Usually you can "roll" the call option to a further away expiration date. That includes buy back the call option (higher premium now) and sell another call option. The further away expiration helps you reduce or avoid the higher price that you pay for the buy back.
@@quanOSU Do you have to wait until the day of? What if your expiration is 3 days out?
Great video. This is not intuitive and you did a great explanation.
I think you are not taking into considration the enhancment in the call premiun if the stock price rises. In scenario no.1 you are short a call at 80 and stock price is moving to 79. You are imaging that the call price would remain o.o5 ??? It would be much more than 1.25 which was your selling price... I am considering in the price rise 75 to 79 happens with in first 30 daya instead of near expiration .
Sure - if the stock price rises immediately then the call will certainly be worth more than what I sold it for - this example assumes very little DTE where the extrinsic value is minimal.
In any case, even if the stock price shoots up, it doesn't matter what "losses" I may see on the call - the long shares are static 100 delta, and the short call has a negative delta that is less than that, therefore it will be a net profitable position as it is a net positive delta position. The further the stock shoots up the better, as an ITM short call will have less extrinsic value than an ATM one will, and all intrinsic "losses" on the short call are 100% covered by the long shares, thus the covered call strategy name.
I hope this helps!
Suppose I am the seller of a covered call. I see the advantages as the seller. What are the advantages of the buyer?

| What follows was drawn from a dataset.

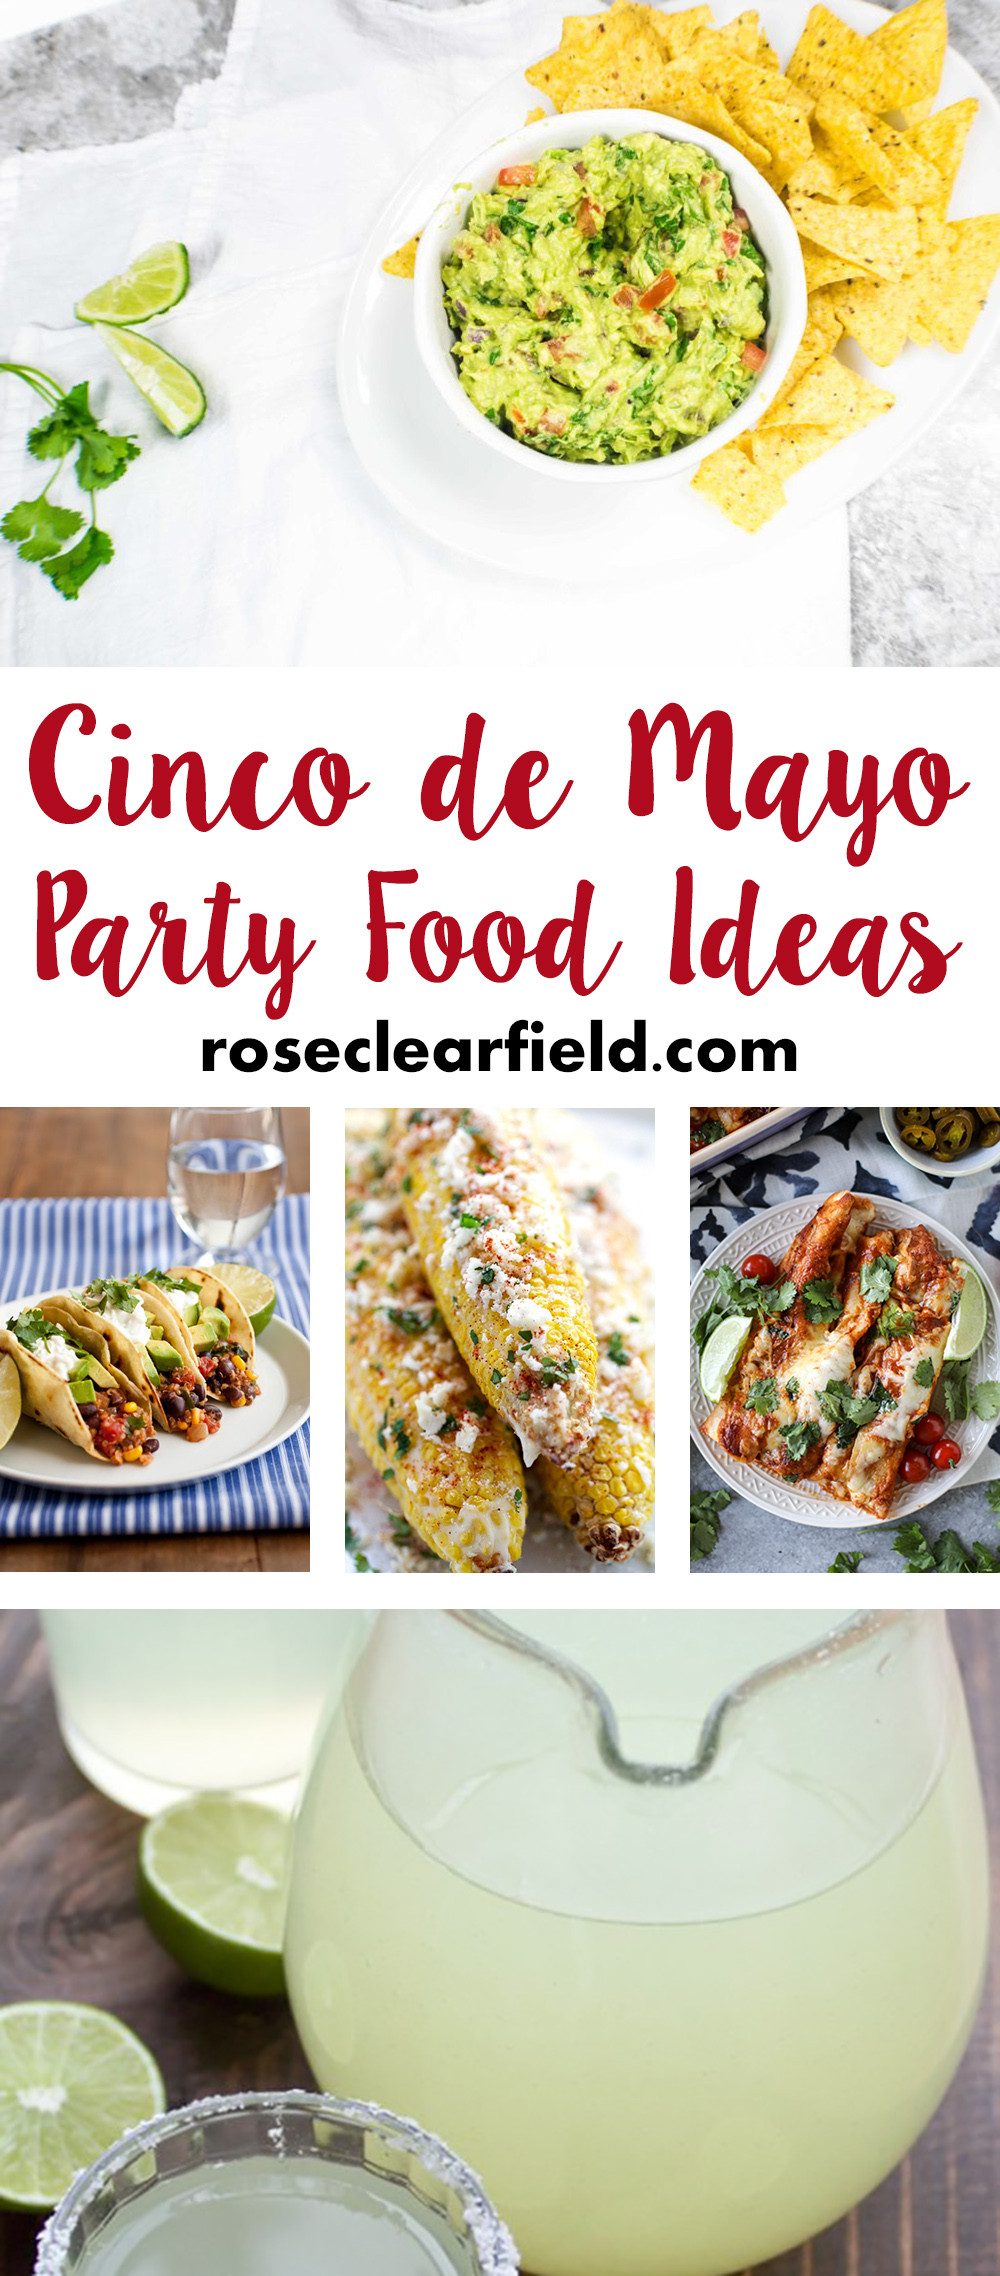 Cinco De Mayo Menu Ideas
 Cinco de Mayo Party Food Ideas • Rose Clearfield

Not many - you'd be short the shares and you'd be buying a protective long call, similar to a protective put with long shares.
I may have missed it, but wouldn't another strategy be simply to collect premium at expiration, as long as your strike price isn't reached your underlaying Stock has very little chance of getting called away?? Im doing this now with strike prices Id be very happy to get calleded away at, with couple week DTE with small profit but cant seem to lose and can repeat often
That's correct! this is more for defending the shares, but if the plan is to hold shares very long term, it could be as simple as what you described.
In order to. Do a covered cAll that is going up that expires on may as of now. Would I need the capitol to buy the shares or own the shares themselves to do a covered call. ? If possible please email bc I’m lost a bit
If you have a covered call position, you must already own 100 shares of stock, in which case you sell a call against those shares to reduce cost basis and generate cash revenue. The risk in the short call is "covered" by the 100 long shares of stock.
If the short call is in the money at expiration, you'd be left with no position, as the short call would turn into 100 short shares, and wipe away your 100 long shares. You'd be left with max profit on the position.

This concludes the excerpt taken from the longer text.